Sat September 30, 2023

By Jeff Smithpeters

Community Announcements

Effie Anderson Smith exhibit shows desert landscapes depicted by childhood Hope resident

Effie Anderson Smith
Effie Anderson Smith exhibit shows desert landscapes depicted by childhood Hope resident
The art of one-time Hope resident and acclaimed desert landscape painter Effie Anderson Smith will be on display at the Southwest Arkansas Arts Council Gallery at 200 East Division Street until late afternoon Sunday.  

Smith began life in Nashville in 1869, then moved with her family five years later down to Hope, Arkansas, where the Andersons lived on land presently at the intersection of South Main and East Third that extended from where First Baptist Church is today to First Presbyterian Church’s current location. Her father had a drug store in town. 

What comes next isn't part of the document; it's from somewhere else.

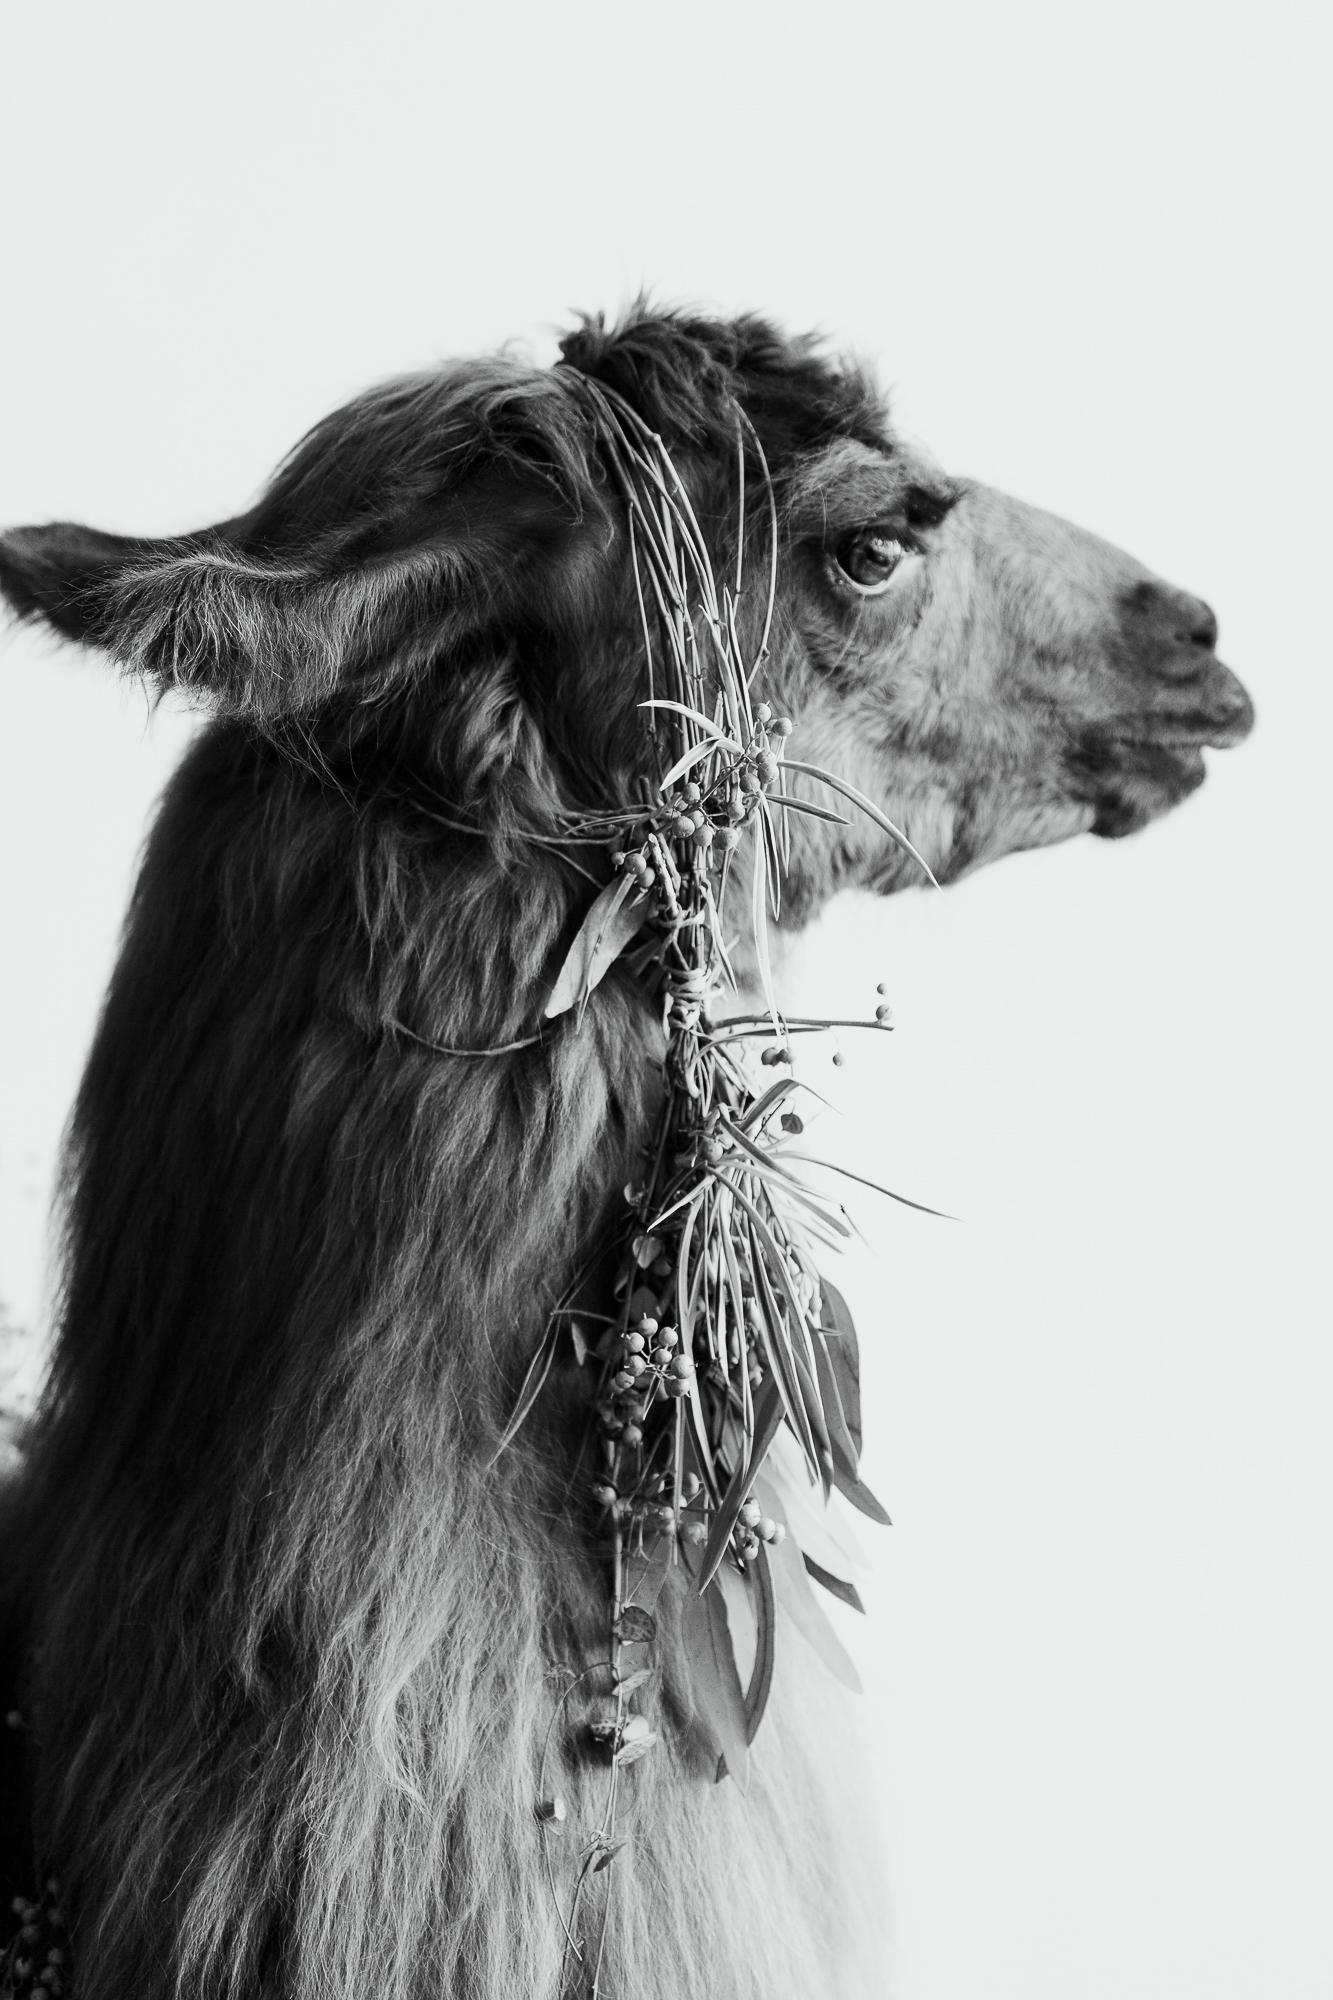 llama_portland_animal-11.JPG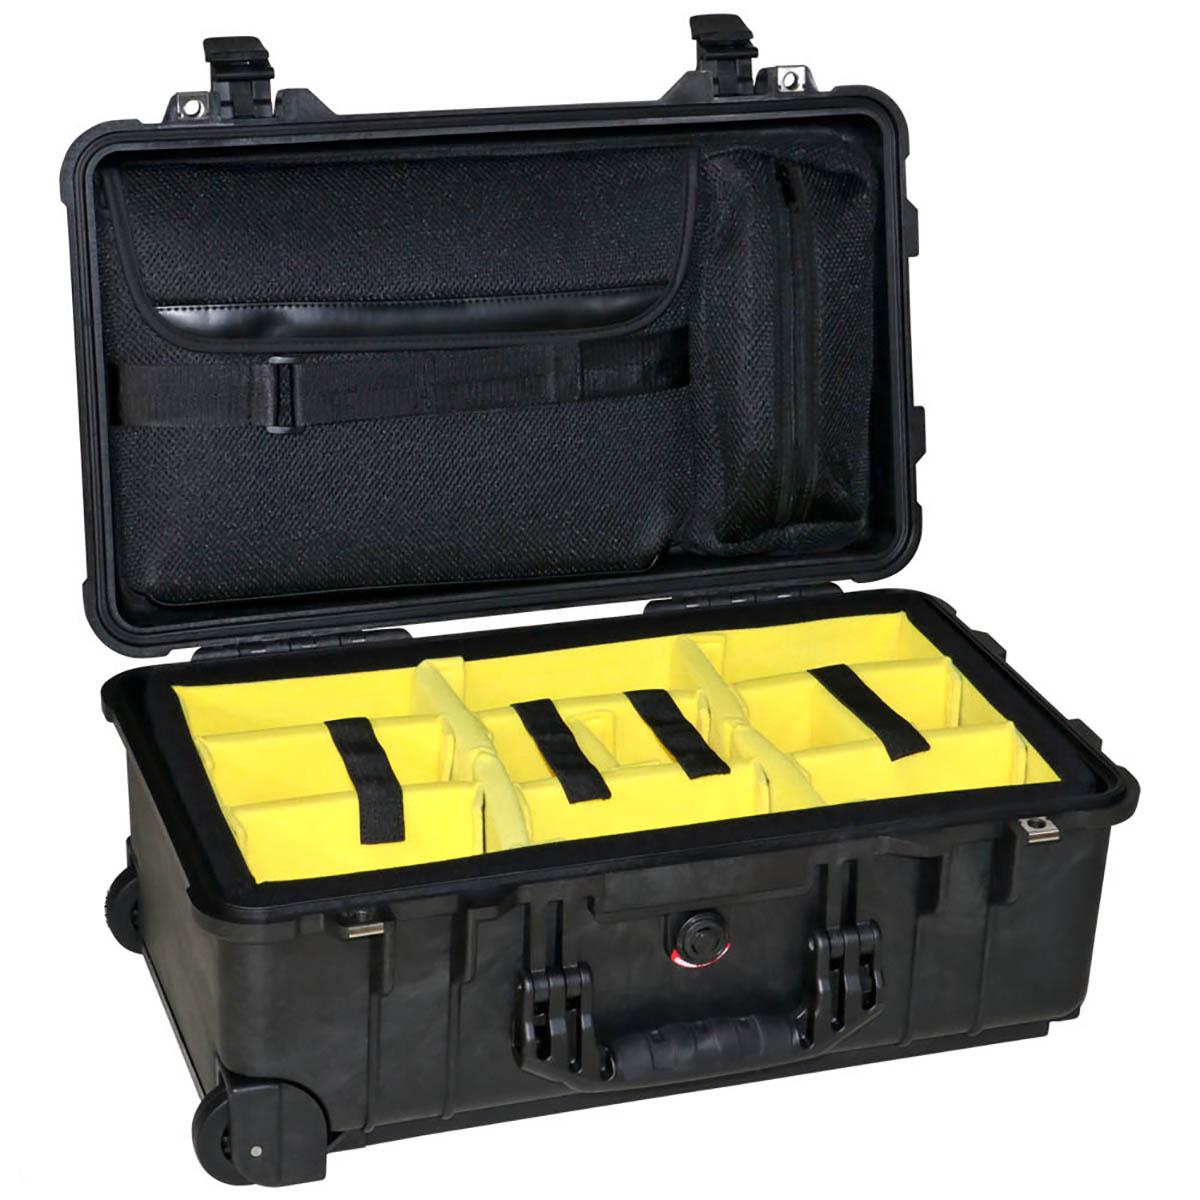 Peli Case 1510 Zwart-Met klittenband vakverdeling en laptophoes in deksel

During her days in Hope, Smith discovered drawing and painting. At age 25, her father having died and the family home having been destroyed by the 1893 tornado that reportedly left 75 percent of the young town’s residents homeless, Smith moved to Arizona to join her brother George’s family as one of the first European Americans to settle in that territory. 

She was enabled by marriage to her mining company executive second husband (her first had died within three months of the wedding of tuberculosis) to travel to California for lessons with other landscapists. 

Smith was a prolific painter, using a more acute form of Monet’s Impressionism to depict mountainous and austere landscapes she found in her long life in Arizona. Her work would be exhibited in her lifetime in such cities as New York, Philadelphia and Washington D.C. 

Steven Carlson, who came to possess several of her paintings by inheriting them from family members--he is a great grandnephew of Smith explained his great great aunt’s significance in the history of art in Arizona. “I have really made an effort to try to find another artist that was living full time in Arizona before her that was a woman, and I can't find that there was.” But after that, came numerous women artists in the state, many undoubtedly influenced by Smith. 

Viewers will be most struck by her knack for depicting the violet quality of light as the sun descends on rocky, desert landscapes, including the Grand Canyon as well as several other scenes in the American Southwest.  

Today, the SWAAC Gallery will open at 10:00 a.m. and close at 2:00 p.m.  Tomorrow the gallery will open at 1:00 p.m. and close at 5:00 p.m. The Smith exhibition will appear with more paintings than at the Hope showing in Arkadelphia Arts Center which continues Tuesday 4:00 p.m. to 7:00 p.m., Wednesday, and Thursday 10:00 am.-3:00 p.m.